# Locking Tuners as direct replacement for Ibanez



## drmosh (Nov 28, 2009)

Hey,
are there any locking tuners I could get to directly replacement for tuners on a JEM or Universe guitar? Without having to drill or anything?

Many thanks!


----------



## QuambaFu (Nov 28, 2009)

Sperzel trim-lok tuners fit on my 7321. I don't have experience with the jem or uv guitars but perhaps there's some dimensional similarities(Ibanez.) I did have to remove the mounting-pin (don't know what you would call them exactly) from the tuning machines but they pull out quite easily. 
Even babies enjoy sperzel trim-lok tuners! Good Luck.


----------



## MaxOfMetal (Nov 28, 2009)

I would think that Gotoh tuners would fit, seeing as thats who makes the stock ones for the UVs and JEMs. 

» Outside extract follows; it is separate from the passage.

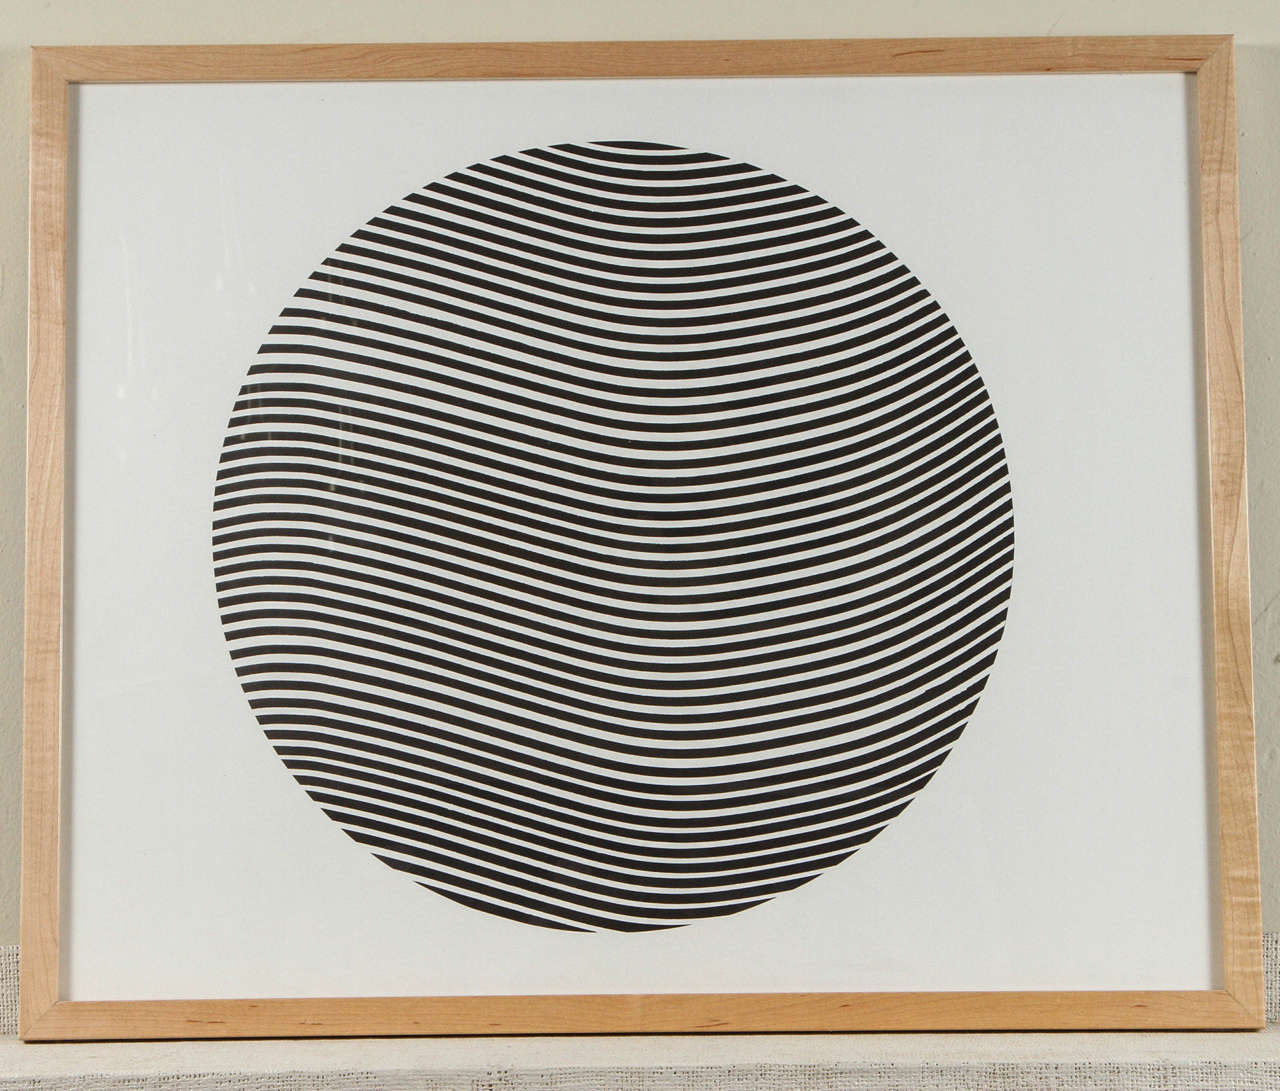 Black and white op art print from the 1970s. Not signed by attributed to Marc Schreibman. Maple frame.

Though, if you're locking the nut, why would you need locking tuners?


----------



## troyguitar (Nov 28, 2009)

I -think- the Schaller locking tuners are the same size, but I'm not positive and don't have any here to check it.


----------



## cyril v (Nov 28, 2009)

so you don't need the mounting pin?


----------



## drmosh (Nov 28, 2009)

MaxOfMetal said:


> I would think that Gotoh tuners would fit, seeing as thats who makes the stock ones for the UVs and JEMs.
> 
> Though, if you're locking the nut, why would you need locking tuners?



It's just easier when stringing the guitar


----------



## cyril v (Nov 28, 2009)

Planetwaves auto-trims and Schallers locking tuners are drop-in replacements for these as well...


----------



## Nick1 (Nov 28, 2009)

I dropped a set of Schaller Locking Tuners in my old RGA no drilling. Just a pair of pliers.


----------